My Lords, I return to an amendment on lookalikes which was first proposed by my noble friend Lord Jenkin in Grand Committee on 18 June. He and the noble Lord, Lord Borrie, from the opposition Benches, made an eloquent case that this kind of parasitic copying was designed to—and did—

confuse and mislead the consumer, and should have a remedy available to those whose products are copied in this way.

The Minister responded with a number of points on, first, the IPO study, the amendment itself, the Consumer Protection from Unfair Trading Regulations, the Which? report and TRIPS compliance. I will take each of his statements in turn and comment on them. First, the Minister said that the findings of the IPO study,

“were, perhaps surprisingly, fairly equivocal”.—[Official Report, 18/6/13; GC63.]

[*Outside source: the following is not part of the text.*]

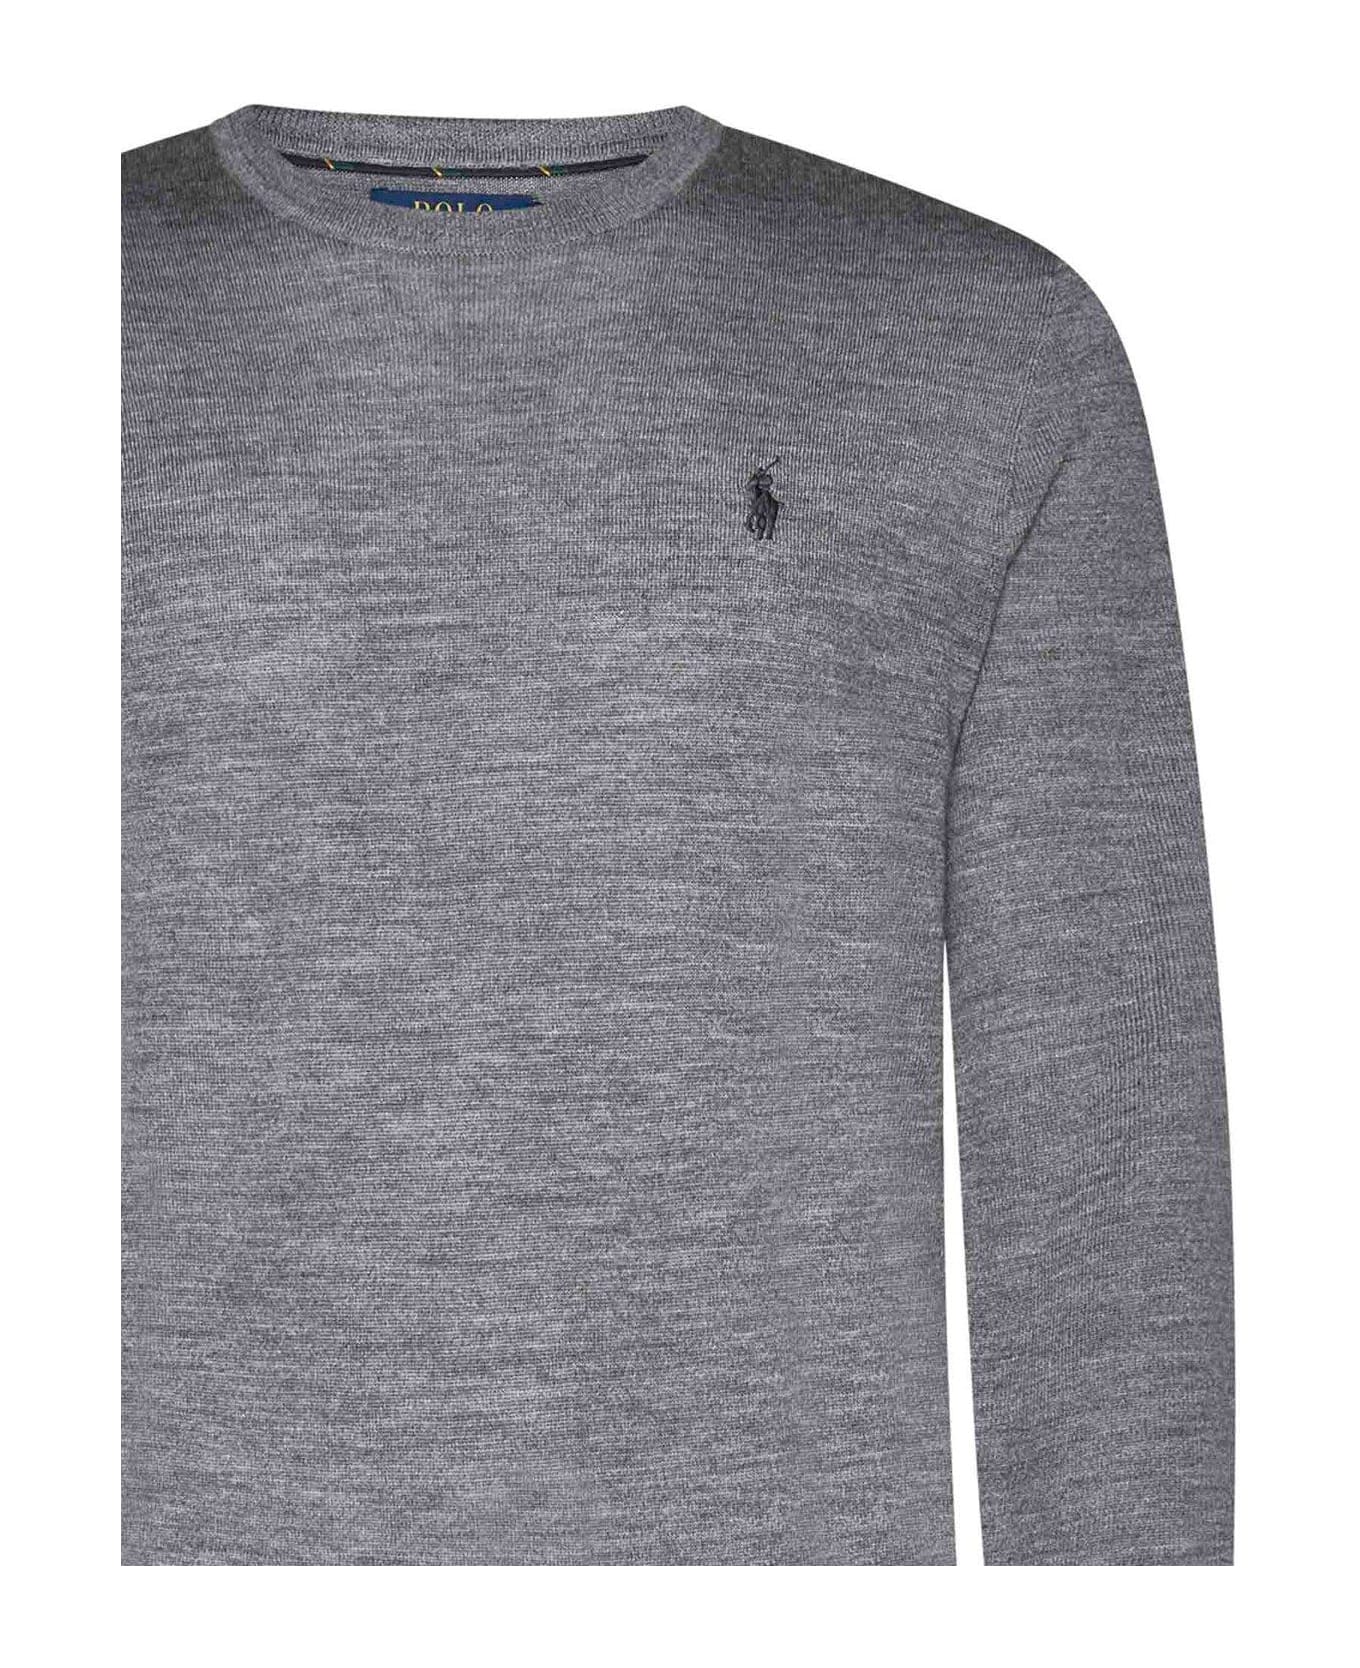 Ralph Lauren Pony Embroidered Knit Jumper - Fawn Grey Heather

Having now studied the IPO study findings, I believe that they are unequivocal in key areas. The review of existing surveys concluded the following:

“It is clear across all these studies that consumers report making mistakes in what they have bought and in high numbers”.

In addition,

“where the packaging is similar then it appears that more people think the own brand has a common origin with the manufacturer”.

The study also states that,

“as the similarity of packaging increases it becomes more likely that consumers will perceive the quality of products to be the same”.

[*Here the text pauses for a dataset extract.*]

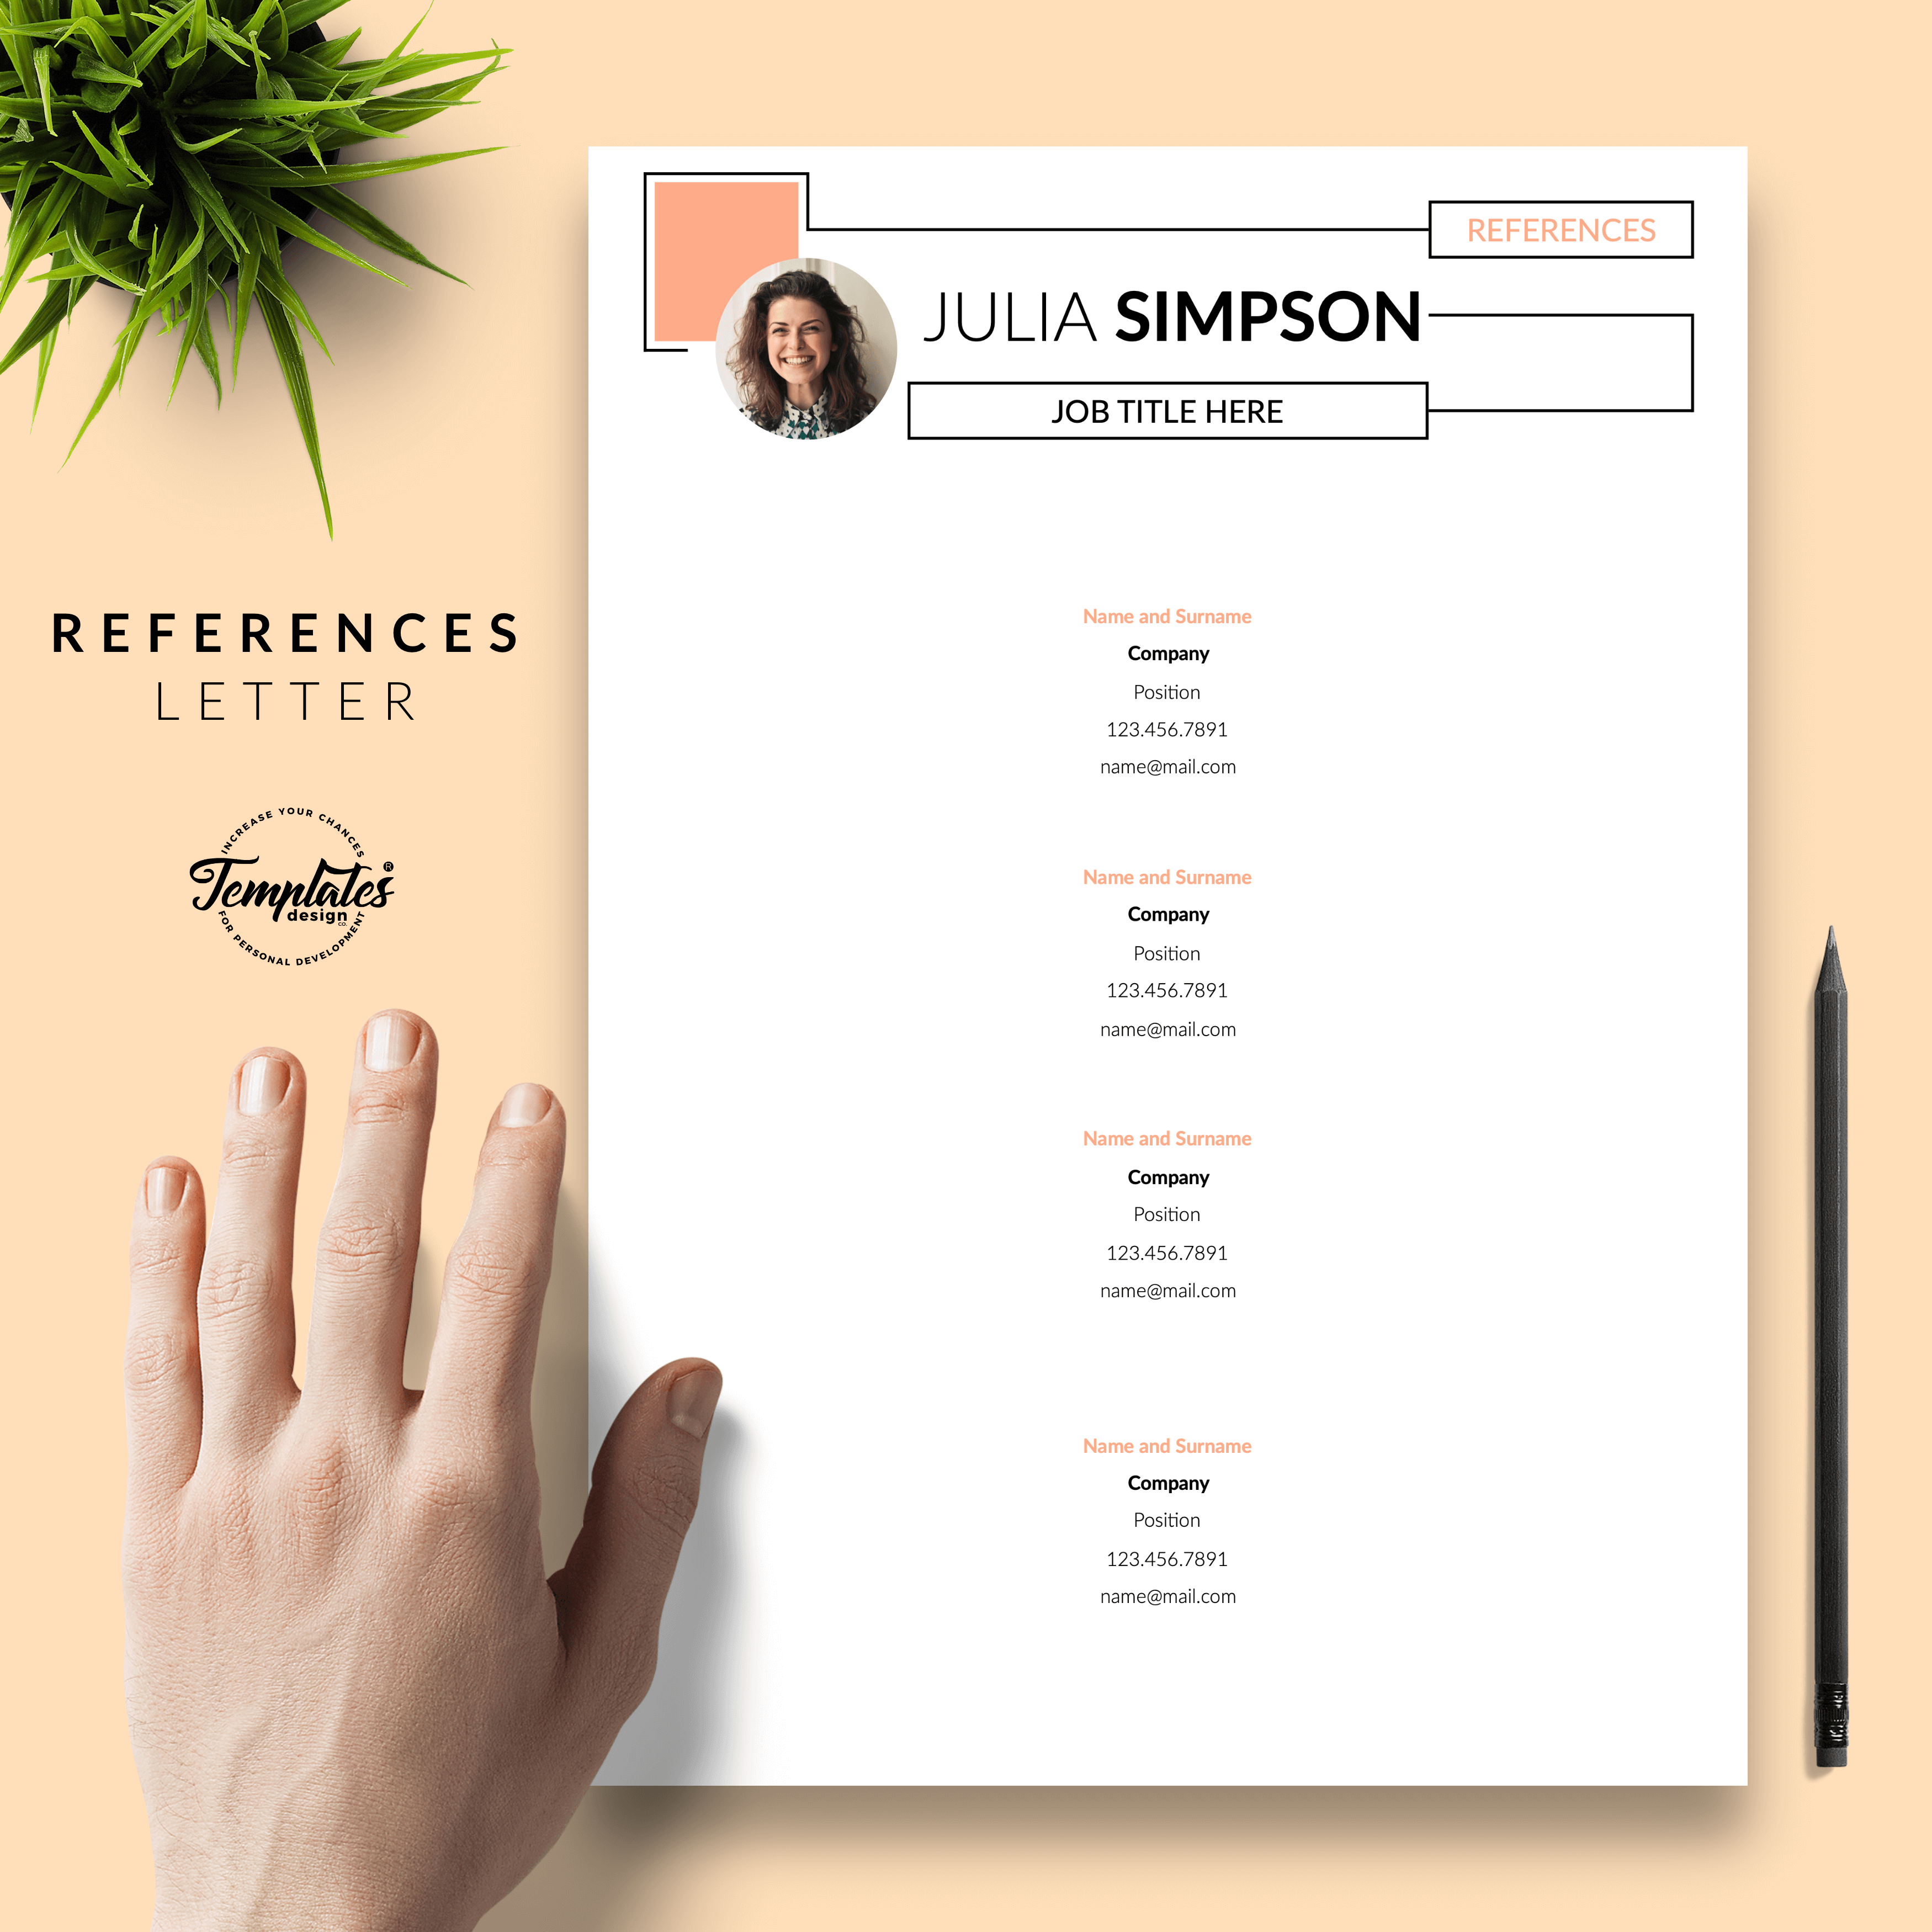 Creative Resume for Engineers - Julia Simpson 06 - References

The study’s own consumer surveys found:

“Increased perceived similarity of packaging to manufacturer brand product packaging of one own brand product relative to another is significantly correlated with higher perceptions (ratings/expectations) of price, quality, suitability for intended use and (marginally) value for money … Substantial proportions (50-60%) of the UK, German and US populations report having purchased a lookalike accidentally or mistakenly at least once or twice … In summary, across the three national samples 5-15% of accidental purchasers of lookalikes rated the purchases as having been of the highest level of disadvantage … to them, and 30-40% rated the purchases as having been of the next highest level of disadvantage”.

The study also concluded that,

“some lookalikes are already unlawful in the United Kingdom as they are contrary to the Consumer Protection from Unfair Trading Regulations 2008”.

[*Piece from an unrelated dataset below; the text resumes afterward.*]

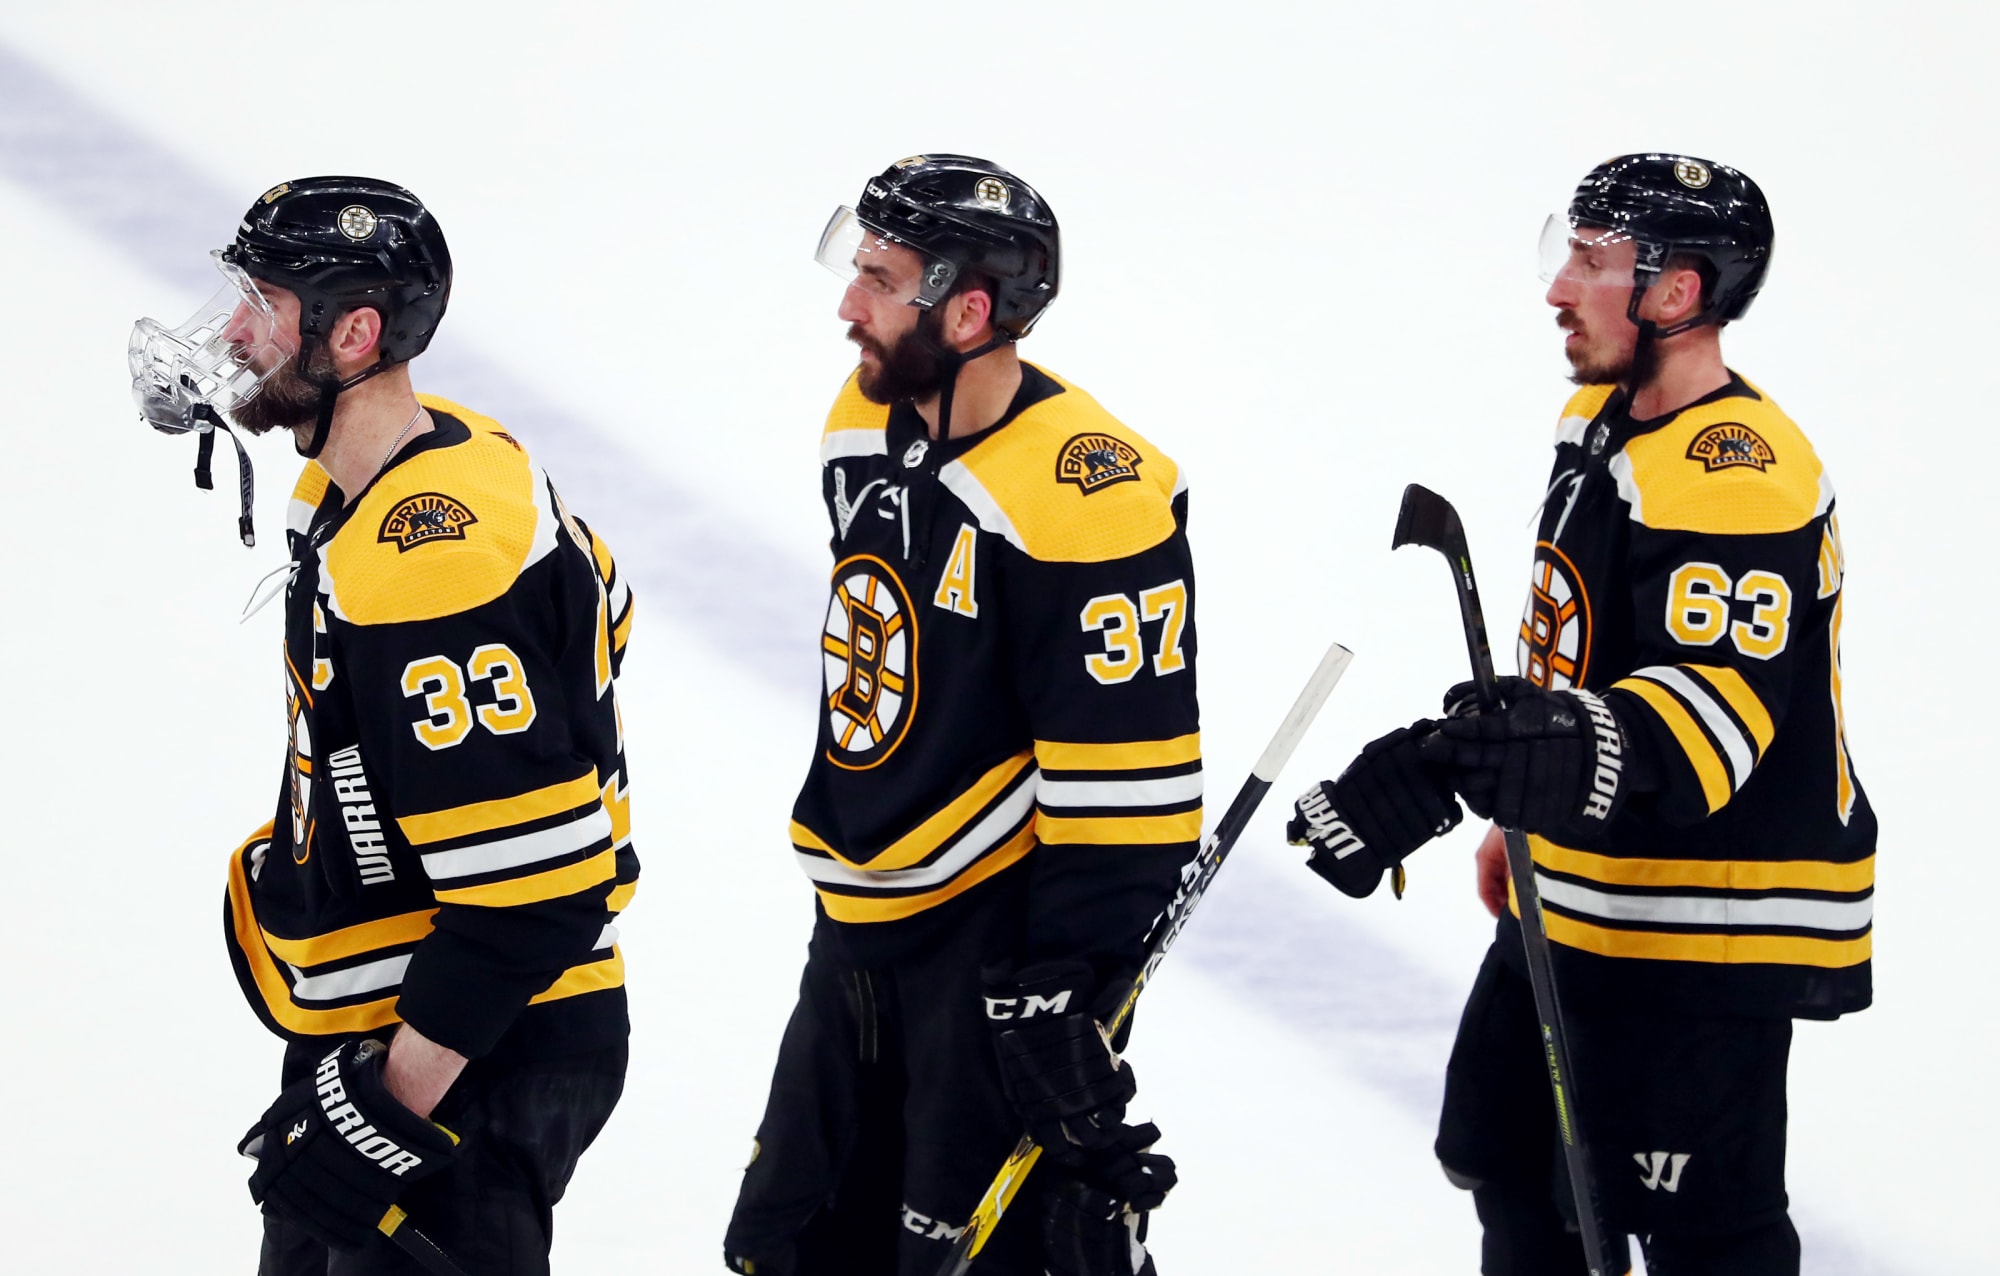 Boston Bruins on X: For the chance to win 2 suite tickets and

Tellingly, it went on to say:

“However, certain lookalikes already being unlawful under the 2008 regulations is of little significance if trading standards (or others) do not have the resources to take action against those breaching the regulations”.

The Minister went on to say that,

“there is a fine line between confusing packaging and the use of ‘generic cues’ to signal to customers”.

Competitors may adopt a category cue—typically this is one design element. The Minister quoted green for mint toothpaste. Nevertheless, each product can be distinct from others carrying the same cue. There is a big difference, however, where competitors set out to mimic a range of features associated with a familiar brand in order to create a similar overall appearance. Where there are borderline cases, the courts should have no difficulty in drawing an appropriate line. They must do so, for example, when determining whether or not a product is a counterfeit.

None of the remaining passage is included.